Calling people irrational for being more afraid of coronavirus than they are of car accidents misses the point that these are two very different risks: the worst day ever of car accidents, while sad, won’t change much about the world.

The worst day ever of coronavirus can paralyze a country, a continent, or a global economy. That’s the fat tail – and it’s not irrational to prepare for it, when you’ve seen evidence pointing in its direction.

One of the few people who consistently makes this point is Nassim Nicholas Taleb, author of The Black Swan and numerous other books and mathematical articles that prove a variety of facts about tail risks.

One of his major findings, which goes some way to justify human behaviour in light of coronavirus, is that whatever worst case we have seen so far is, it’s nothing compared to what might come next.

For investors, perhaps our most important lesson is to separate our market behaviour from our personal behaviour. If you can remain rational and detached in evaluating market conditions, then go home and stock up on toilet paper, that’s much better than the other way around.

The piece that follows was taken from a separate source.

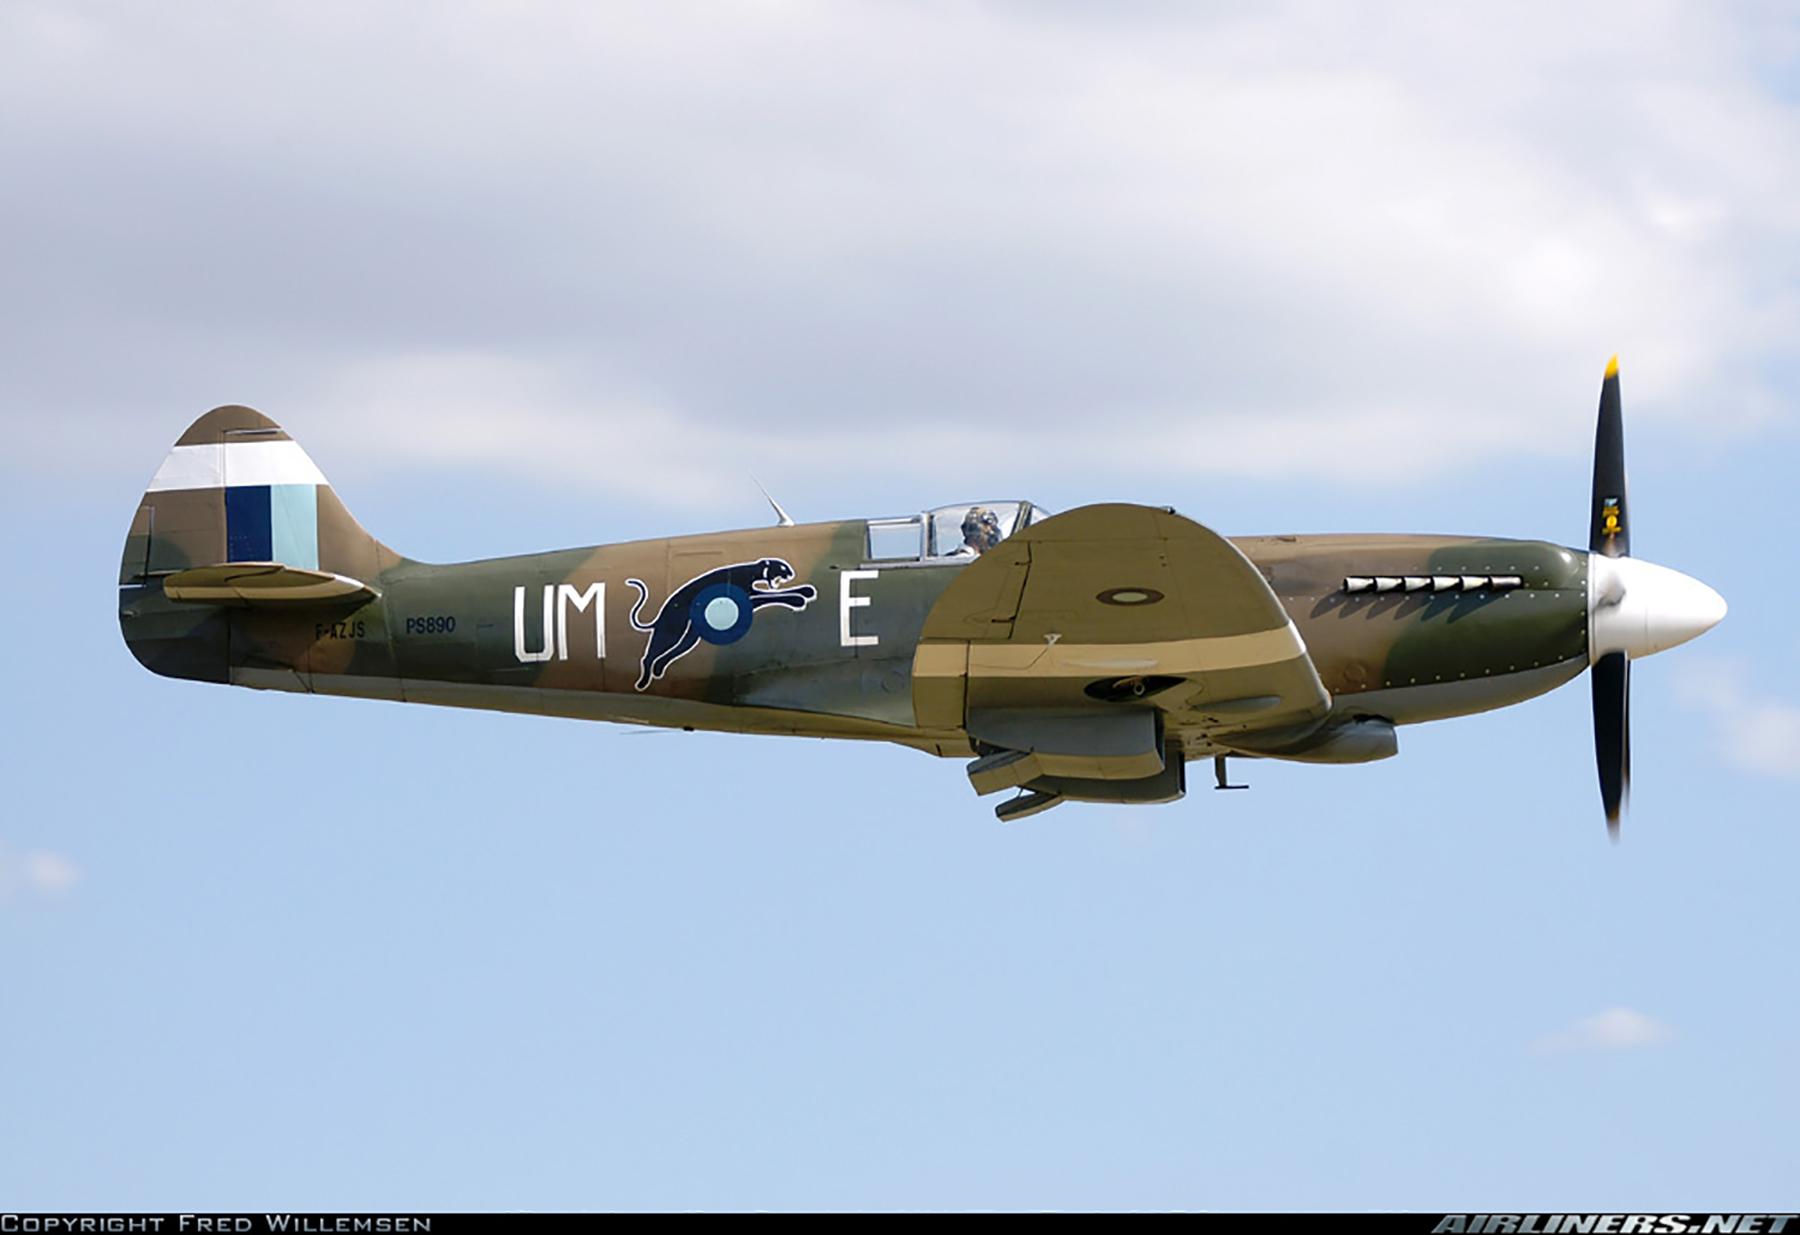 Airworthy Spitfire warbird PR19 PS890 as RAF 152Sqn UME 06
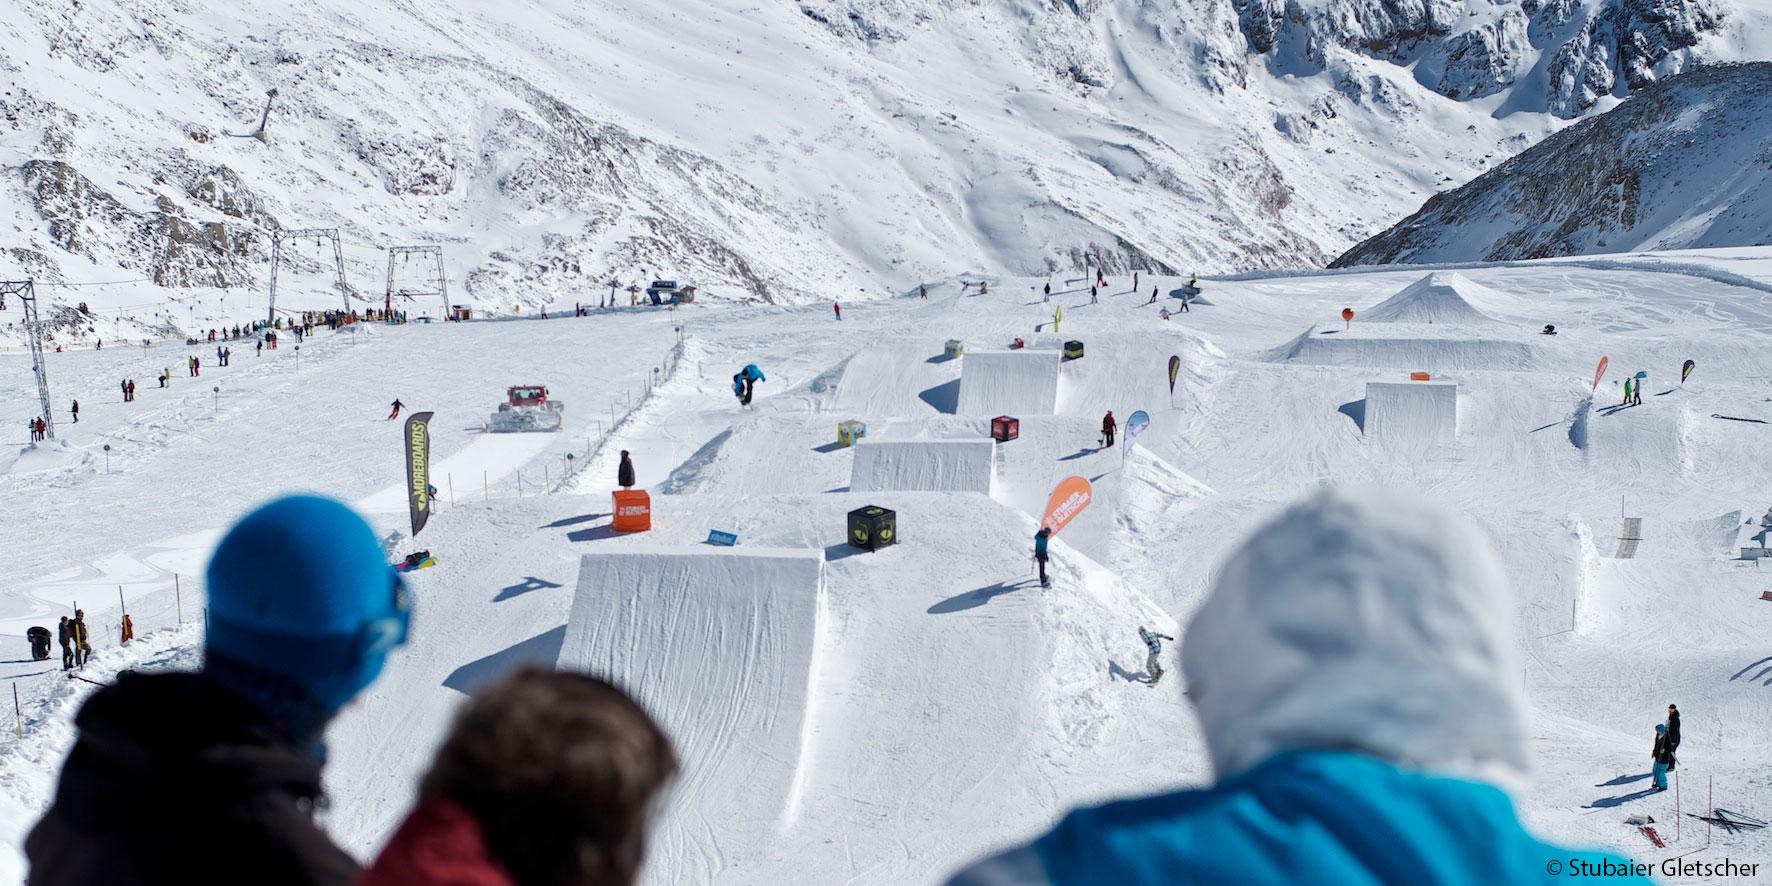 Stubaier-Gletscher-Snowpark

In times like this, when other aspects of our lives are being disrupted, it is especially difficult to stick to your investment process. It’s worth having a close look at how your process has held up to times of massive uncertainty and paradigm changes – for example, the 2016 US election and Brexit.

Philip Maymin hi-res

Dr Philip Maymin

In those cases, did we stick to our investment process? Did we override it? Which approaches turned out better, and why?

It’s important and valuable to spot and predict behavioural biases in yourself and others, but it’s counterproductive to infer that humans are stupid or automatons. People are indescribably brilliant. Human knowledge is, in fact, the only possible source for a solution to the coronavirus.

Dr Philip Maymin is professor of analytics at Fairfield University Dolan School of Business, and an insight partner at Essentia Analytics.

Five Ways to Stick to Your Investment Process

Document it: Create a process checklist for each type of investment in your portfolio – and use it. There are lots of software tools on the market that can help: Tallyfy, Evernote, and Trello, to name a few.

Keep your eye on the horizon: When planning scenarios, focus on your actual investment horizon. During a crisis, our natural tendency is to focus on the short term. But if you’re investing on a five-year view, it’s worth forcing yourself to lift your gaze: how do recent events potentially affect the value of your investments five years from now? Many investments look terrible during a crisis, but if their fundamentals haven’t changed, their long-term prospects may be as good – or even better – than ever.

Record the WHY: When you decide to act – or not to act – record the context in which you made the decision and the reasons that were foremost in making it. Ideally, do this in a structured way, so you can analyse the data later. But the act of doing it, alone, is helpful for ensuring your decisions are as deliberate as possible.

Nudge yourself: Pre-set notifications can give you a heads-up to revisit your conviction at critical points in an investment’s lifecycle: after a certain period of time, after the price has moved up (or down) by a certain percentage, or after a key metric has crossed a threshold. If, at that point, you wouldn’t still be buying the security, you might want to ask yourself whether you should be selling it.

Prioritize the process: It might sound obvious, but the single most powerful thing you can do is keep your process top-of-mind and make a daily commitment to following it, in the knowledge that there are a million derailers out there. It’s easier said than done.